I sweep the floor and I wash my face that's when I start hearing his voice. OMG!

He's coming!

I know!

Do something!

I don't know!

Anything!

I'm trying!

I gather my jumbled thoughts and I quickly stand up and discard the wrapper I'm tying leaving me in my camisole and bumber shorts. I started tying wrapper over my bumber shorts because I was getting disapproving looks and head shakes from the adults and old people, so I had to stick to the saying, "if you are in Rome, behave like a Roman".

I take out my phone and start taking selfies, I need to be occupied right? I hear him mumble a good morning as he walked passed and my heart flutters.

Oh so pathetic, Jules.

You've never been in love so you don't understand.

*wretches* love? You're preposterous.

Whatever.

I've never had more than a boyfriend or okay two if we count Michael, but I've had thousands of crushes and the funniest thing is that they are always crushes. They fade as fast as they began.

And most of them disgust me now, like how did I ever like them? Or why. And I'm thankful that I'm this kind of unlucky person that when I have a crush on someone, the person won't like me back.

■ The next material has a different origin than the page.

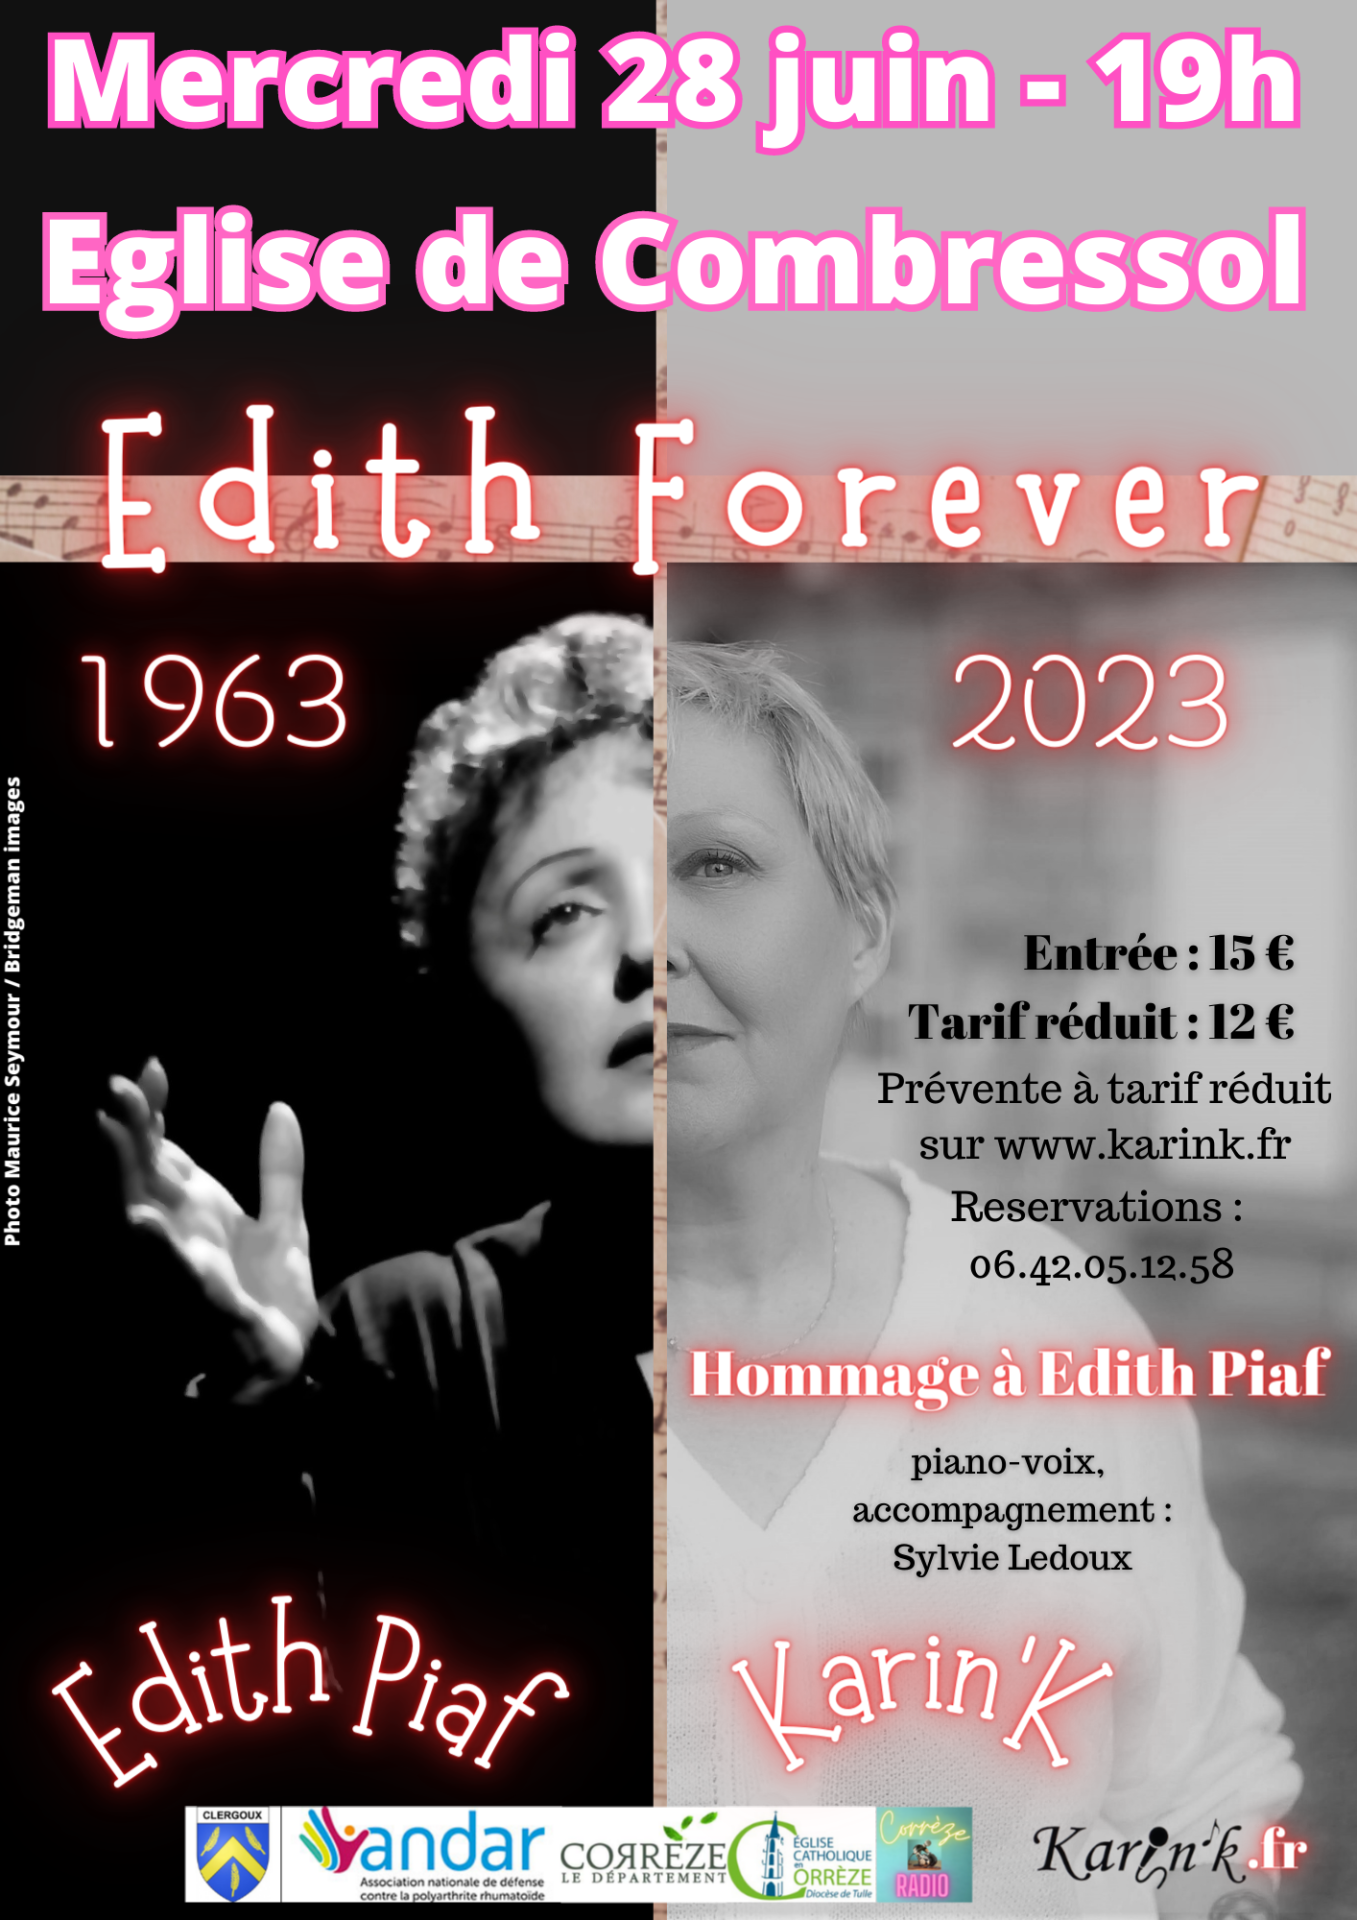 Edith forever naves

I don't know if they really do not like me or maybe they're always shy to ask me out, because I know I'm beautiful—not being egotistic here—and it has saved me from a lot of bad relationships because I would have accepted had they asked me out and I'd fall really quickly out of love and start hating them and breaking up with them and so on.

The only person that worked is Joseph. Obviously. Okay I guess I haven't told you how we started dating and if I'd done, I'm sorry you'd have to listen again.

So my first day of school, I was staring at him. Like really staring because there was something different about him but I couldn't lay my finger on it. I brought him up when I was going home that day but Lexi shunned me, "Did you see that dark guy at the corner?"

"Is it boys that you came to look for?" as soon as she said it, I kept shut because that was the day we started talking and I didn't want to offend her because I've liked her so far.

Then as from that day, I didn't talk to him. I ignored him and it's not like we had anything to discuss because I was a new student. If any teacher ask me to distribute notes to my classmates, I'd give to everyone but him. I always got another person to do that job.

Seriously I don't know why I was doing so but I guess I had a crush on him but at that age, I didn't know what 'crush' meant.

Then in Jss3 I was assigned to sit at his front but still didn't talk to him. Then one day our English teacher who was too lazy to remember my name and always called me Mary asked the whole class a question which I was the only one who answered. He asked only me to sit and then Joseph spoke up, "Sir you asked Mary to sit, what about Joseph?"

The class burst into laughter but Mr Agidi couldn't relate so no one got into trouble. But I was blushing like a crazy goat and that was one of the times I'm grateful for being an African.

After the teacher left, Joseph started poking me from the back and we started talking. So that was how we started dating, he never really asked me out. But I loved him.

Love.

Loved!









Happy new year guys. Sorry for the EXTREMELY late update. I was SUPER BUSY with school. That's why I made this chapter very loong.

The BOURNVITA in the story is a chocolate powder. It's used for making tea here in Nigeria so you might or might not have heard of it. So here 😁😁

And also don't be confused by the English teachers' names. The English teacher in Junior secondary school is different from the one that teaches Senior secondary school.